The two friends grapple with Yissachar and shout into his face, "Tell now, tell now, soft-hearted louse, whom you love most, for know we must, ere night, when you stand guard on home and field."
Yissachar breaks free and runs to and fro, in torment, waving his Bible. "The Beasts I love," he sings, "for they are blameless, but God's command hath put my heart in chains; and now upon me love has no more power, since God has called me to do battle, in His name."
At last, as his wife Sarah steals across the backdrop dressed in black, Yissachar cries out, "O listen, friends and kin and folk, and know ye that I loved thee best. I loved the truth, and justice, yea; but thee, my folk, and God, cursed God, I loved still more, more still."

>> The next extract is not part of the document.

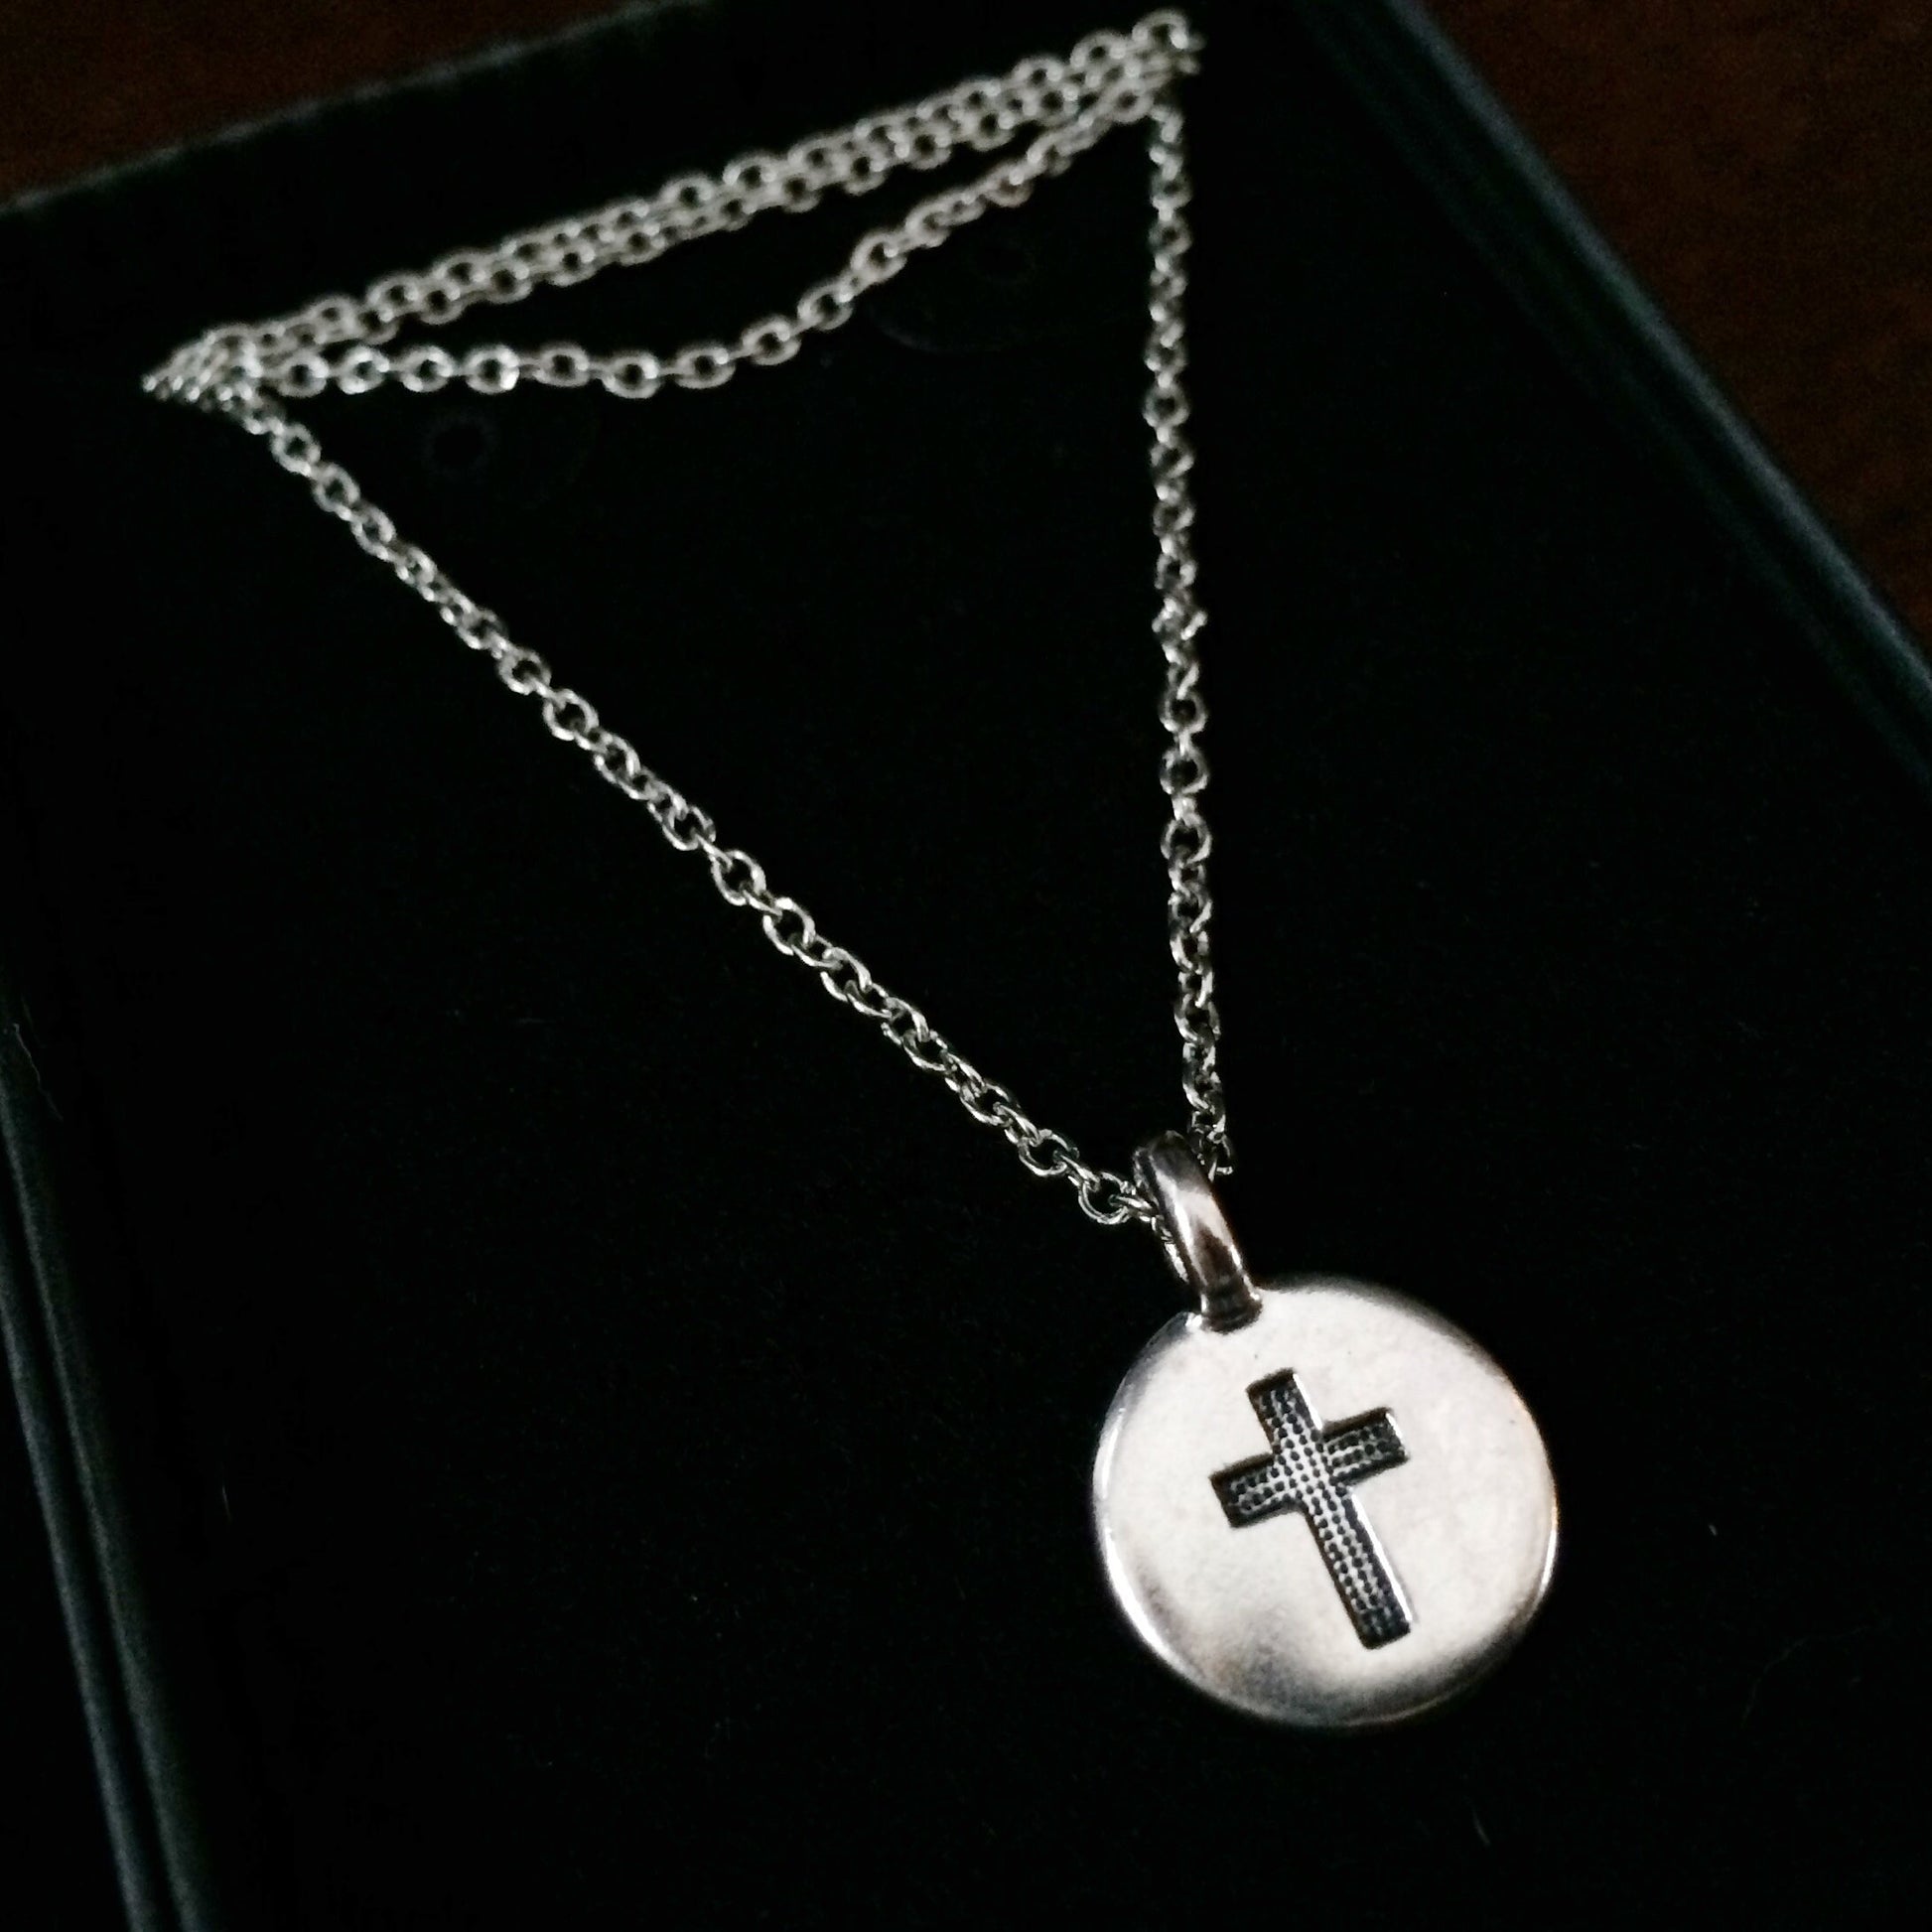 Small Cross Charms for Jewelry Making in Silver Pewter » Cross Charm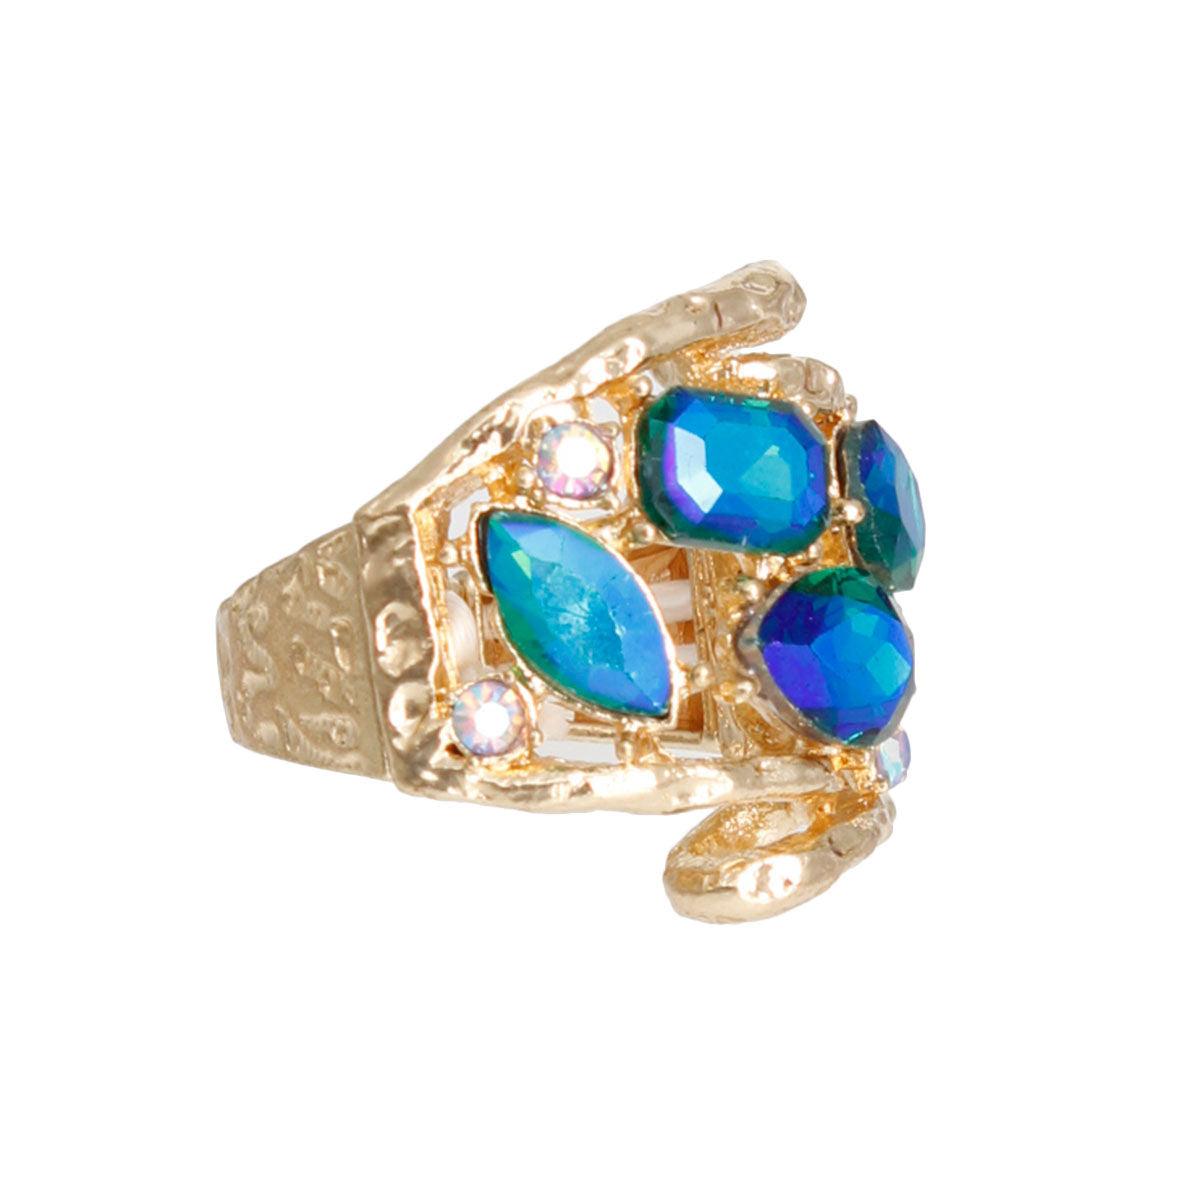 Stunning Blue Crystal Curved Cocktail Ring - Must-Have Accessory

Ruthy's breath came out in a whoosh. "What language! It sounds just like Paltiel Rubin, in
Golyatt
, when the holy sheikh--" she stopped and looked at me sidelong, chewing her lower lip.
"No," I said in a tight voice. "It's different."
Ehud rubbed his nose, saying nothing.
We read on.
With Sarah still gliding at the back, the three sons of man plan their attack on the lair of the Beasts, whose whereabouts Yissachar (after a speech filled with anguish) has now revealed. At dawn, they whisper together, they shall cleanse the land. Yissachar then launches into a declamatory song, ending with, "My soul forgone, son of man am I no more, but truly brother to the beast, whom slay tonight I must."
As Yissachar sharpens a sword, the light dims; and as the moon rises over Mount Gilbo'a, Sarah is seen waiting by the rock. The Debba suddenly looms before her, and for a long moment he and Sarah stand close together, looking into each other's eyes without touching, without speaking, in the light of the moon.
Sarah speaks first. "Who art thou, man or beast, that hath into my eyes so plunged, and of my soul so rudely taken?" She tries to step back, but cannot.
The Debba then speaks in a voice full of thunder and anguish. "Nay, 'tis thou," it says, "who has my heart envelop'd, in web of silk, and whispers, and deceit. You know that I forever hence must love thee, thee daughter of man, thee shameless, thee Lilith."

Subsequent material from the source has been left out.